What Surprised Pilots
- The depth of ForeFlight NavLog questions — he expected pilots to explain specific abbreviations and where each calculation originated, not just have the document printed.
- Mountain wave turbulence and lenticular clouds came up as a go/no-go factor, which caught at least one pilot off guard.
- Temperature lapse rate questions (higher/lower than standard and what they mean for weather) were unexpectedly detailed for a PPL oral.
- For IFR candidates, he asked about IFR chart symbols that required checking the legend — including less common ones like brown airport symbols and VOR symbols without a compass rose.
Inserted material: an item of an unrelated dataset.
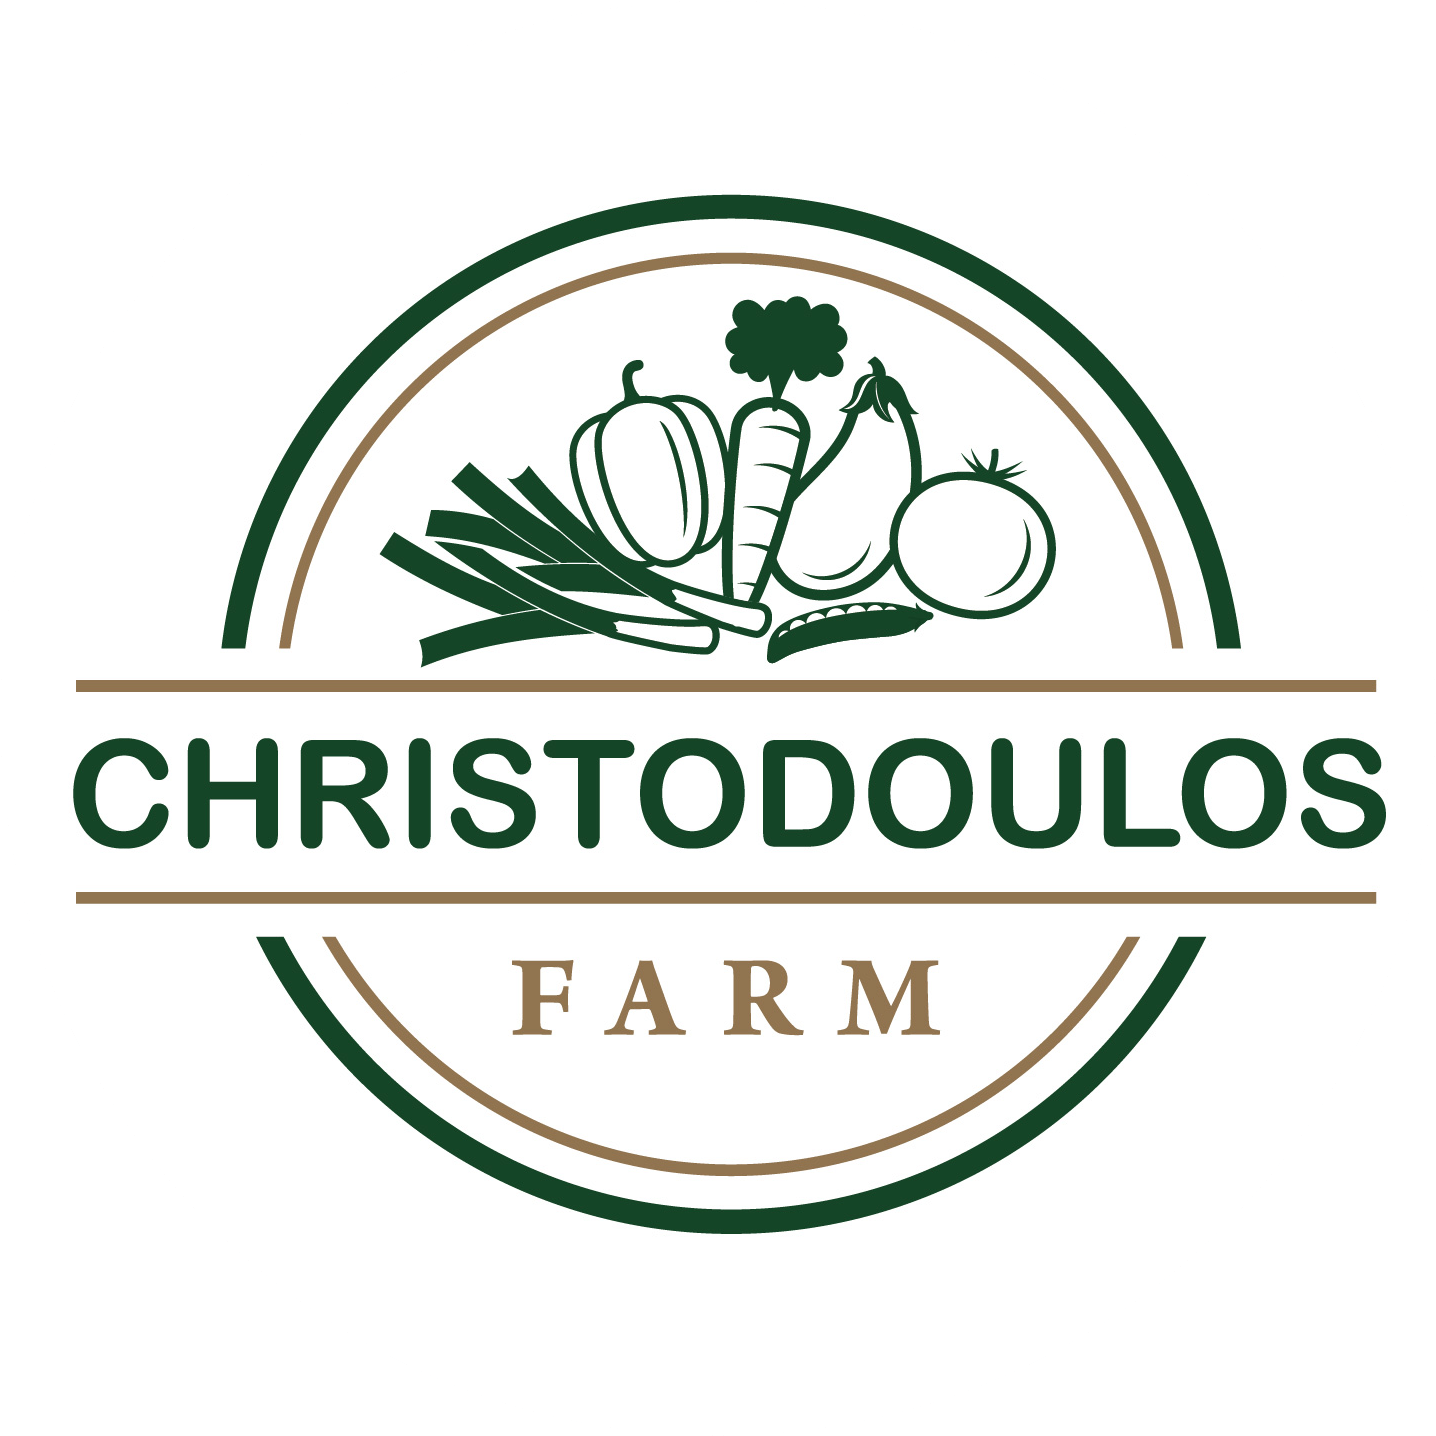 Christodoulos farm ltd

- One pilot felt their oral performance was weak but still passed — reinforcing that Orion is looking for sound judgment and adequate knowledge, not perfection.
Examiner Patterns
Early reports (3) suggest
- Weight & Balance: 2 of 3 applicants report the examiner required a full W&B calculation
- Oral style: 3 of 3 applicants report the examiner used scenario-based questioning throughout
- Navigation tools: 2 of 3 applicants report the examiner accepted EFB use
- Density altitude: 2 of 3 applicants report the examiner did not cover density altitude
- Go/no-go discussion: 3 of 3 applicants report the examiner discussed go/no-go as part of a scenario
- Equipment failure simulated: 1 of 3 applicants report the examiner simulated an electrical failure
- Preflight briefing: 2 of 3 applicants report the examiner gave a full preflight briefing
Based on self-reported pilot submissions. Data methodology
Ratings & Checkride Types
- IFR (Instrument Rating)
- PPL (Private Pilot)
Transparency Disclaimer: This page summarizes patterns reported by applicants. It is not an endorsement, prediction, or guarantee of checkride outcome. Every checkride varies based on the applicant and circumstances.